Your cct gives an asynchronous Preset and only when released ( going high) allows CP to transfer D to Q and thus reset the "1" to a "0" giving a +ve pulse with only synchronous trailing edge.

So it only cleans up the negative edge in your case. The prefered way is to use D input and then both edges are synchronous. But this relies on your input D being longer in any state than the period between clock pulses.

i.e. a much slower square wave clock.

Also PR and CLR are both "negative logic" meaning active low. Some CMOS FF chips are "positive logic" for Set and Reset for various reasons not relevant now.

Better example

Let me describe a personal technical experience circa late 77 that will illustrate this better ( just came to me).

Say you have designed a synchronous telemtry system (SCADA) and you have some unused bits available every 1/24th of an 8kHz frame or 3kbit in a 1.544Mbps data stream. The problem is I need two 1kHz channels of analog bandwidth to send a VCO that tracks two servo motor currents to get instant feedback on load friction. So I decide to use a VCO to sense amplified motor current from 0 to 1kHz per motor and send the pulse in a 3kHz data stream as a 1 or 0 then like a Tach reconstruct the analog current voltage and sent to a panel meter. 3 samples per Hz , no problem except it shows problems of aliasing because I just sampled the VCO to send on the data stream and I forgot momentarily that Shannon's law means this sampled data has harmonics and as a result I get alaising the difference frequency of those harmonics.
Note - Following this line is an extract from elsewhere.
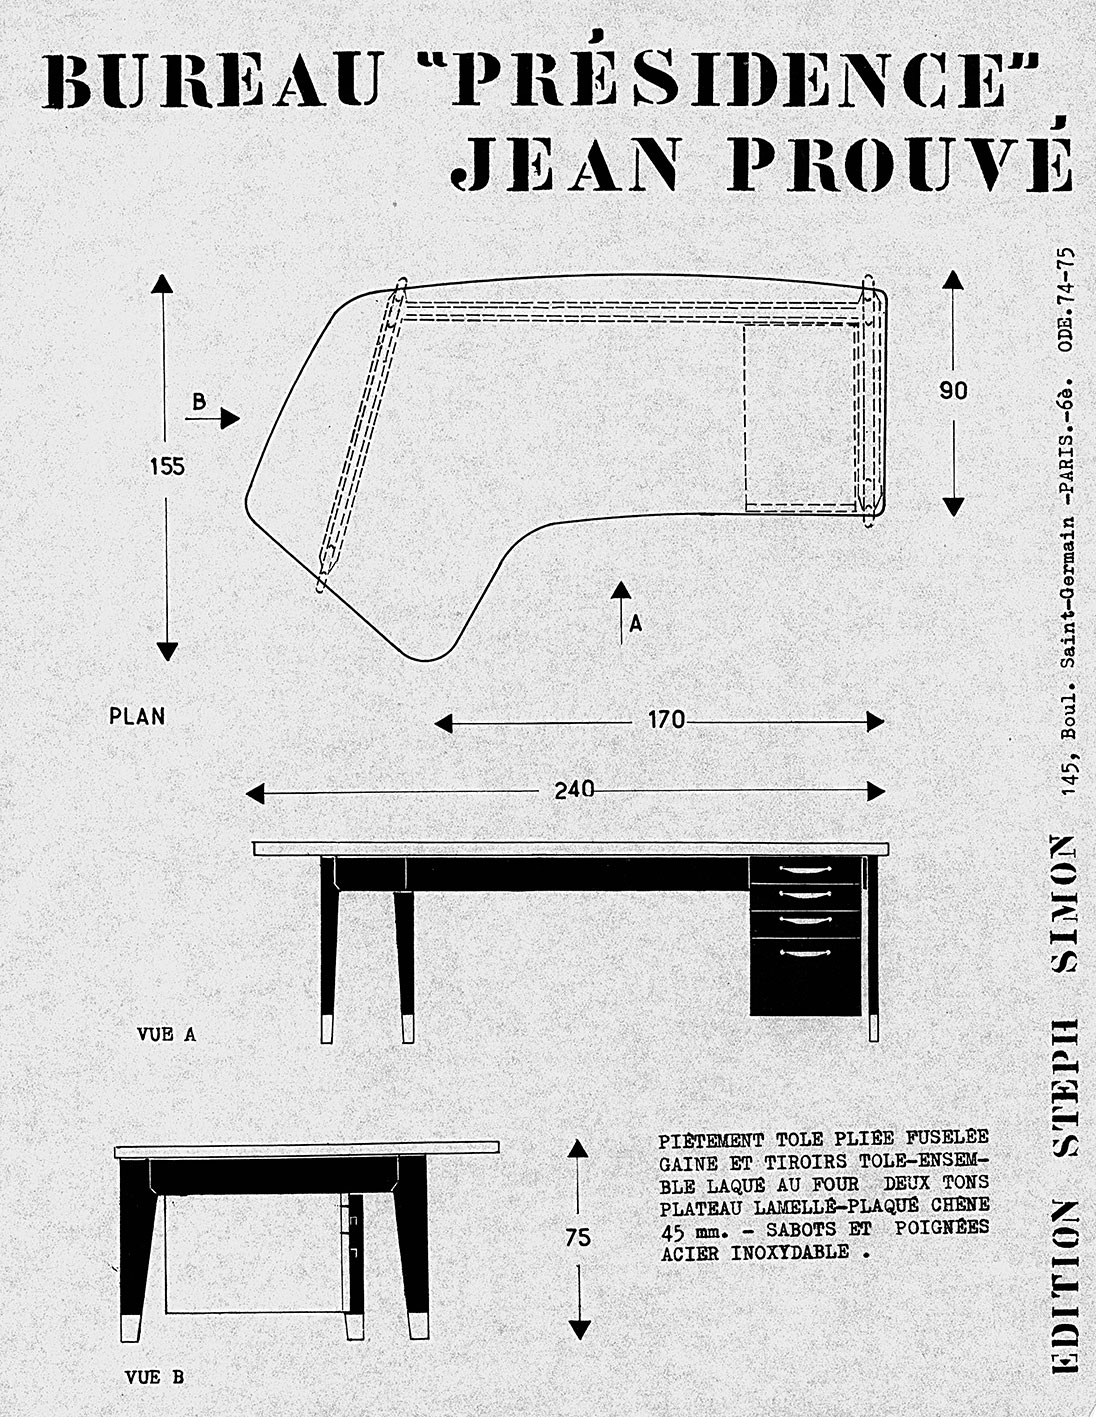 « Bureau Présidence Jean Prouvé ». Fiche de présentation Steph Simon, c. 1957.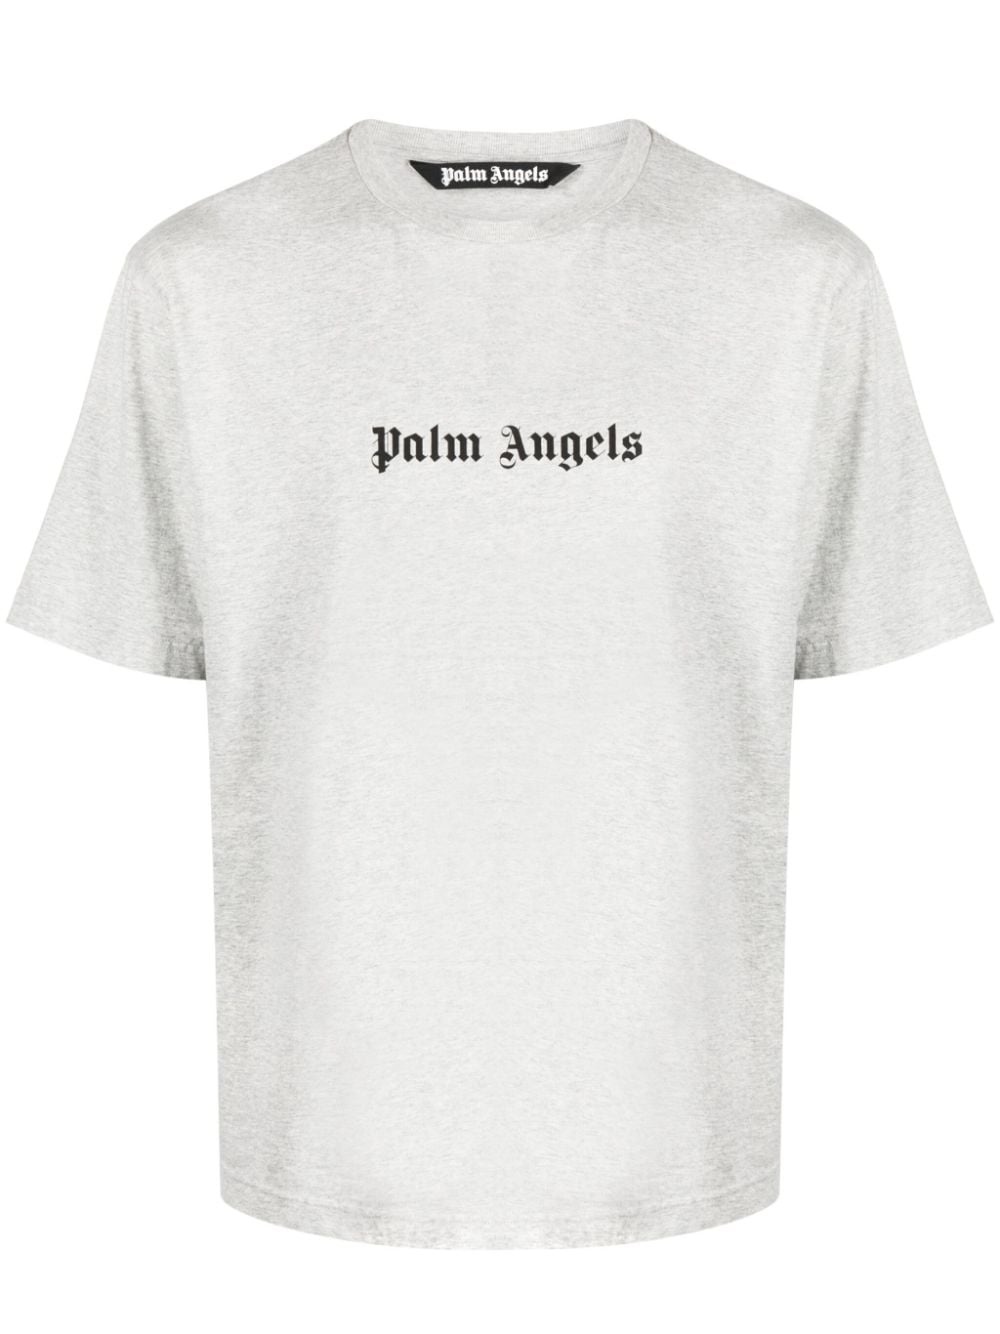 Palm Angels White Cotton T-Shirt White

So how do you get rid of harmonics in this case of a square wave from a sampled VCO in a data stream? if I used a 1 shot with a period greater than the 3KHz bit stream, I was sending the bit ocassionaly twice in this synchronous sampled VCO. If I make it narrower I might miss it which is just as bad. But if I PRESET the D FF with the VCO at 1kHZ max with an RC differentiated edge from the VCO and then only once that bit is sent synchronously reset it by using my 3KHz clock with D=0 then that bit is transmitted only once and I won't get any aliasing effects. ( delta f)

Bingo it works and I can take it all the way up to 3kHz VCO and send it in the 3kHz sample misc. maintenance frame byte. But I decide to send two sub-channels of 1kHz VCO's for 2 motor currents and use the 3 subchannel of 1kHz BW for something else. That was 1 day problem and solution to bench test then write a rework instruction for my NASA-qualified soldering female tech with marked pink prototoype drawings. (meaning no ECN required)

It just came to me this morning that I used the same circuit above with a 1us PRESET edge pulse and the synchronous sub-frame clock to clock "0" into D to reset the synchronous VCO register. So with this method, you really only need 1 sample rate per Hz of BW input and not two as in analog Shannow's Law. but in reality Shannow's law still applies. Can you guess why?

Does this answer make good sense? Does my example help make it important? ??